- Work task:
Print the lines in the listing below starting at the line with "Neon Plus Size Dress" and ending at the line with "mosaik new leadership Logo", both included. Reproduce them exactly and omit every picture.

- Recorded information:
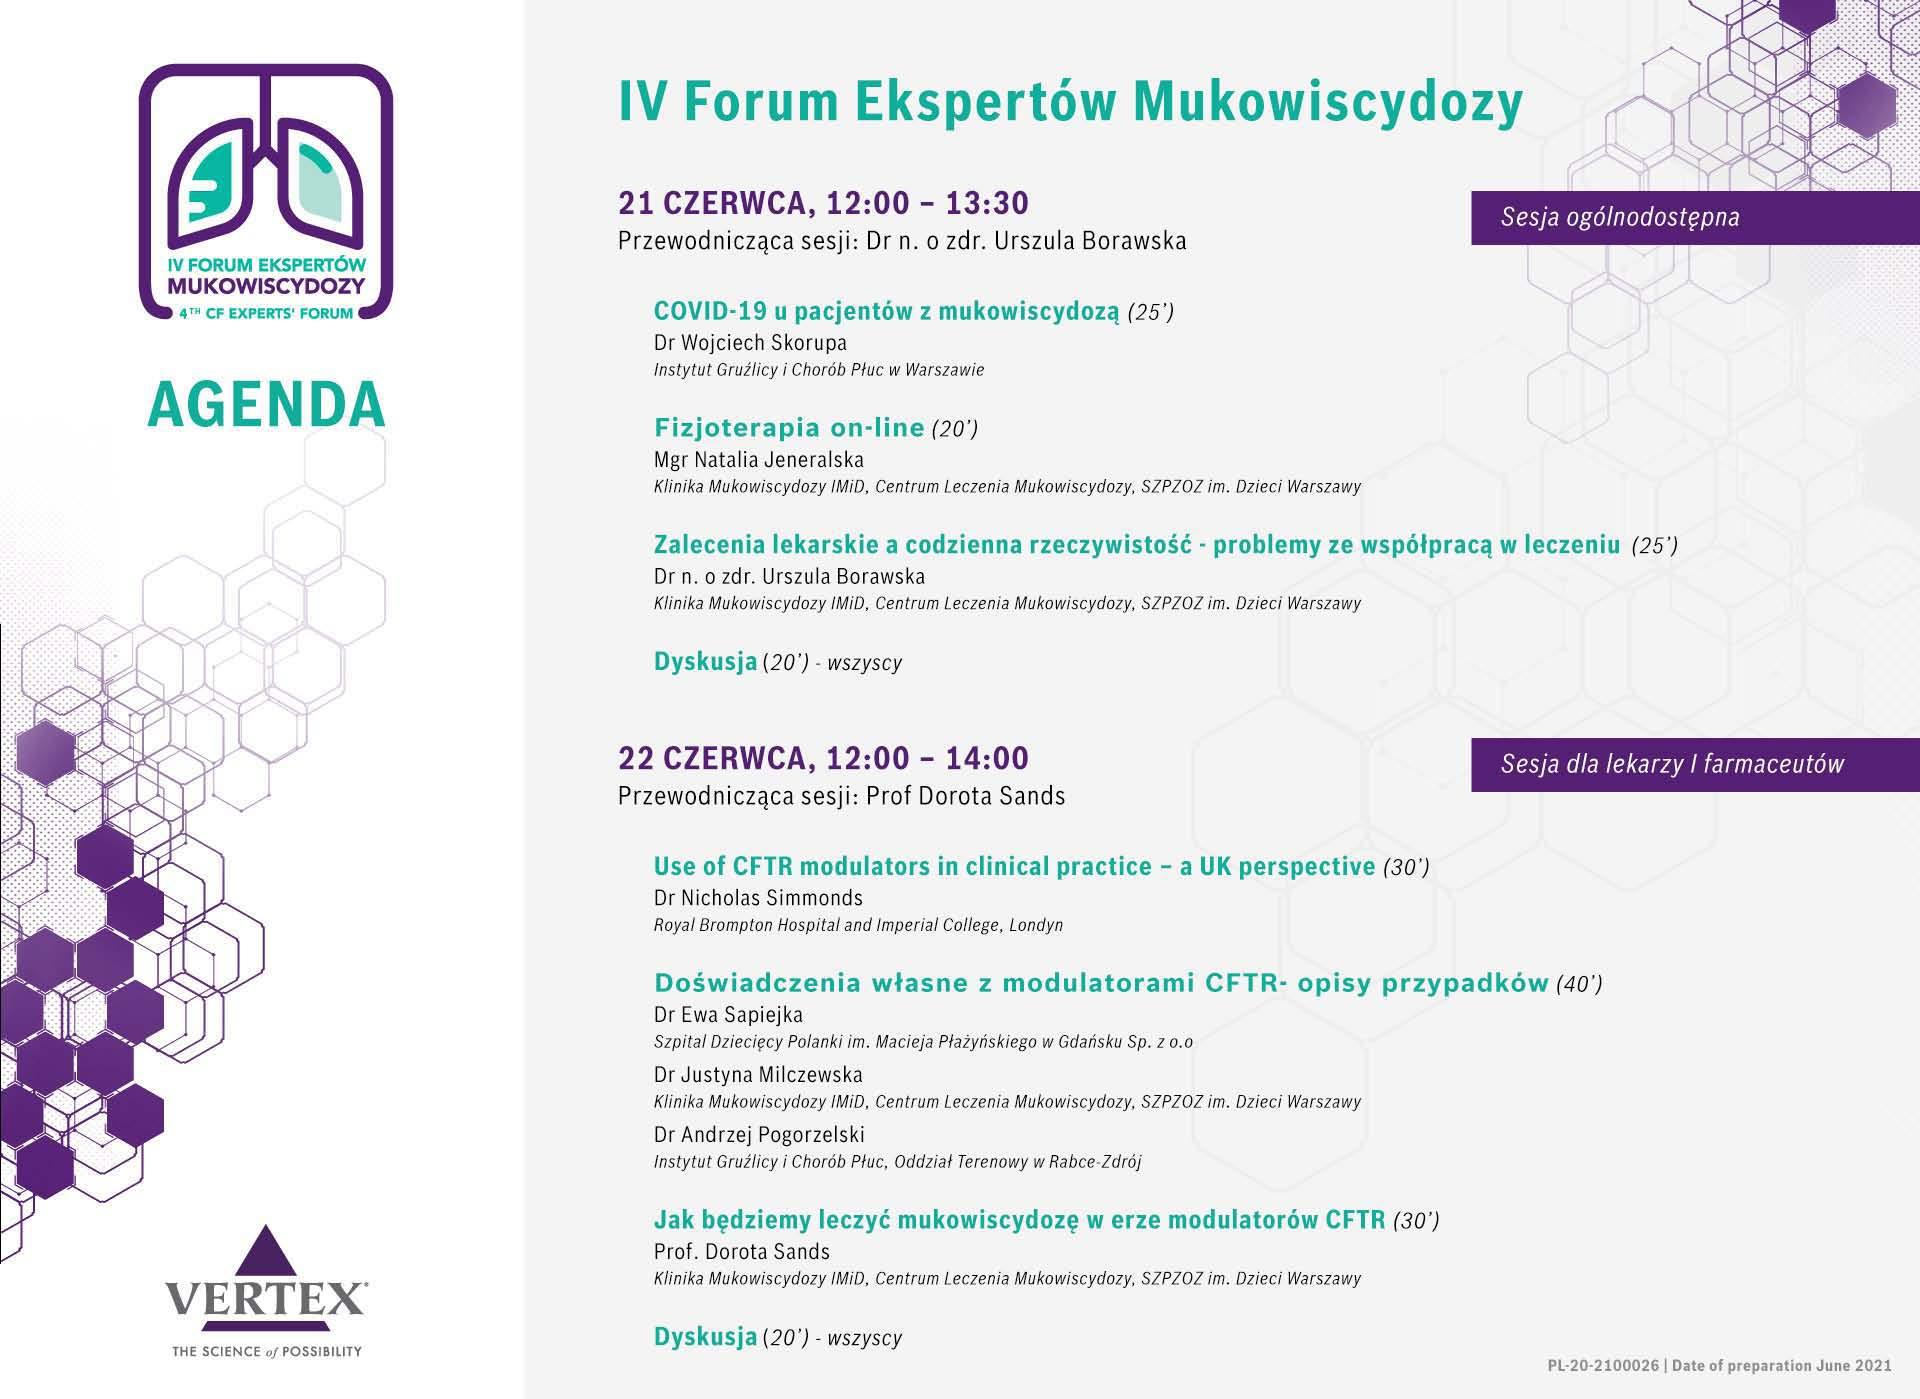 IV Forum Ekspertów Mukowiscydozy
* * *
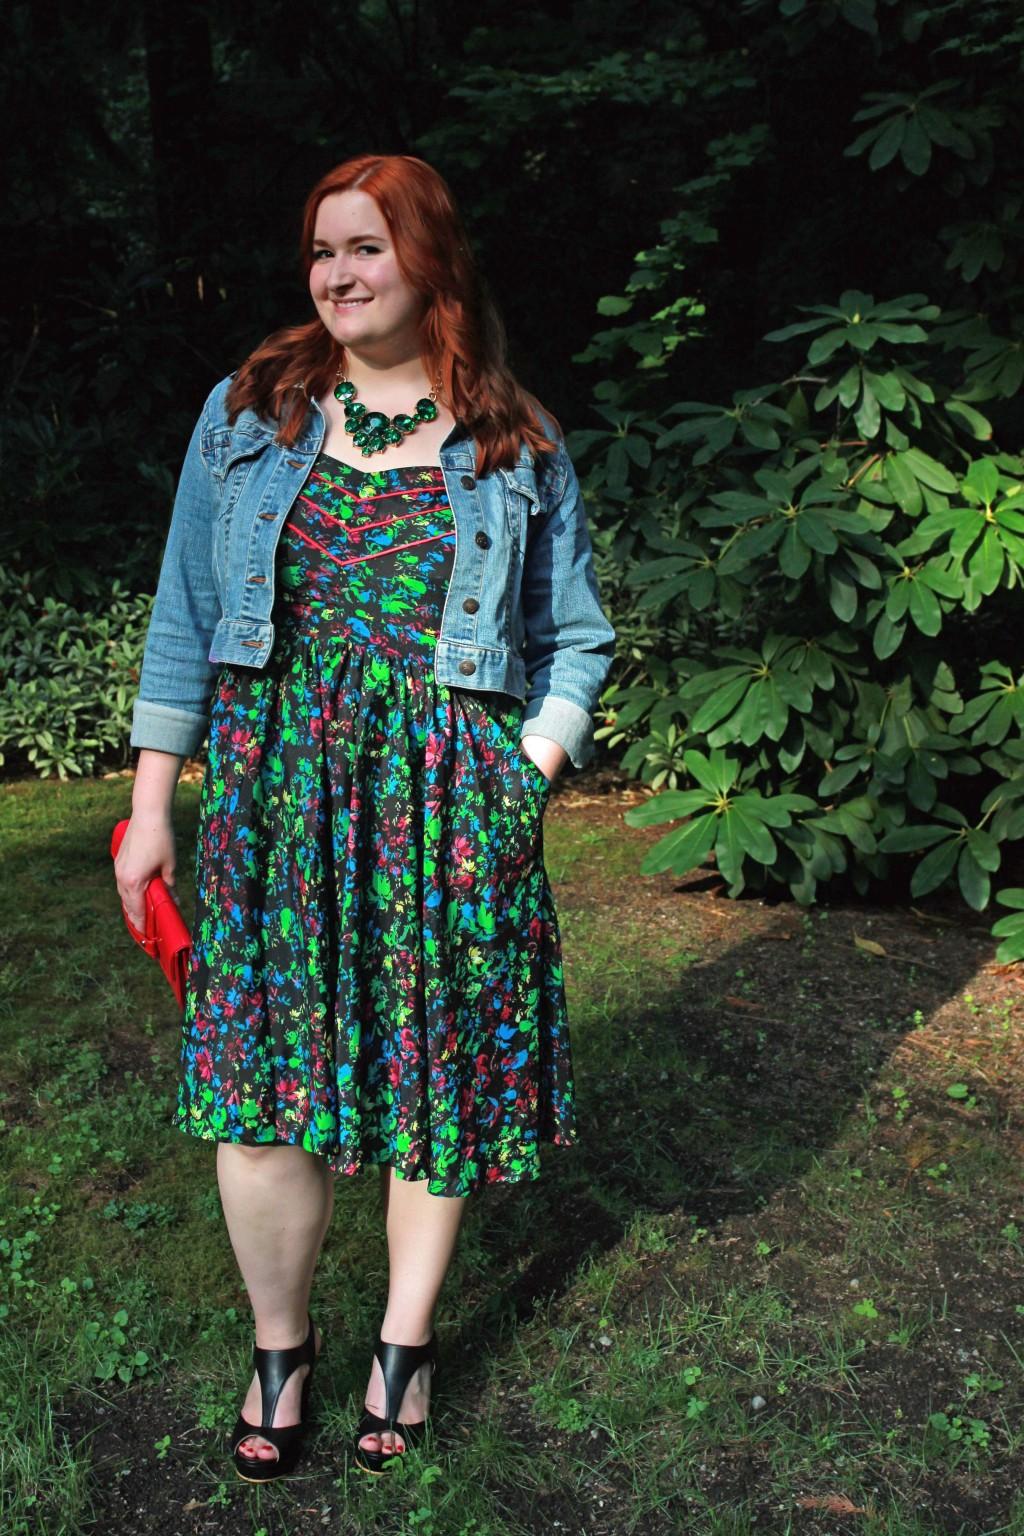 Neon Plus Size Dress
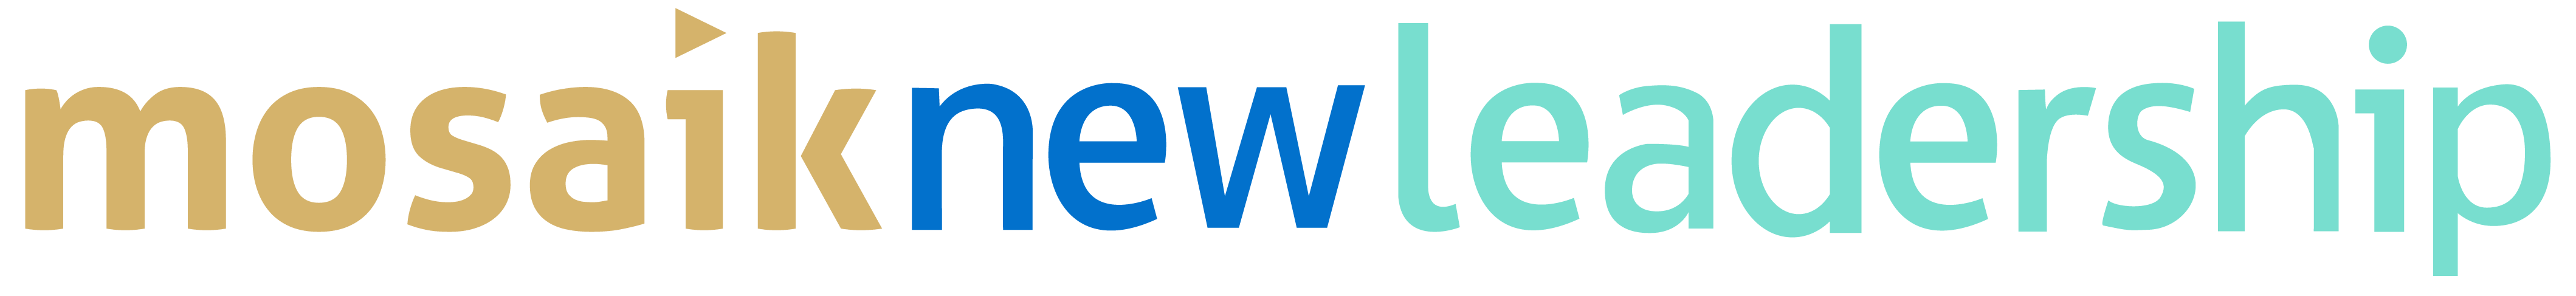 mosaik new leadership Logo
...
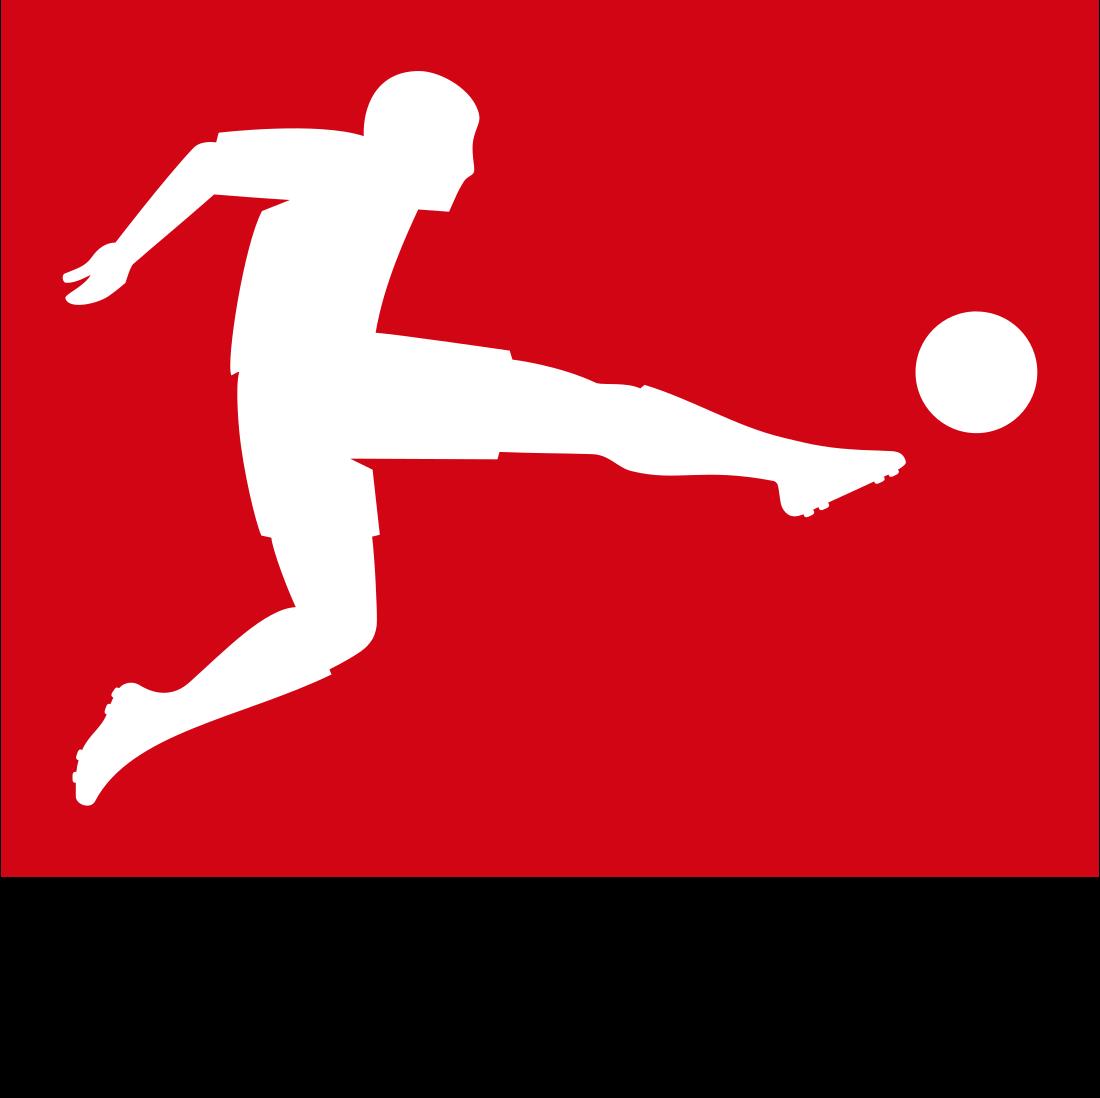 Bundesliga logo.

- Reply:
 Neon Plus Size Dress
 mosaik new leadership Logo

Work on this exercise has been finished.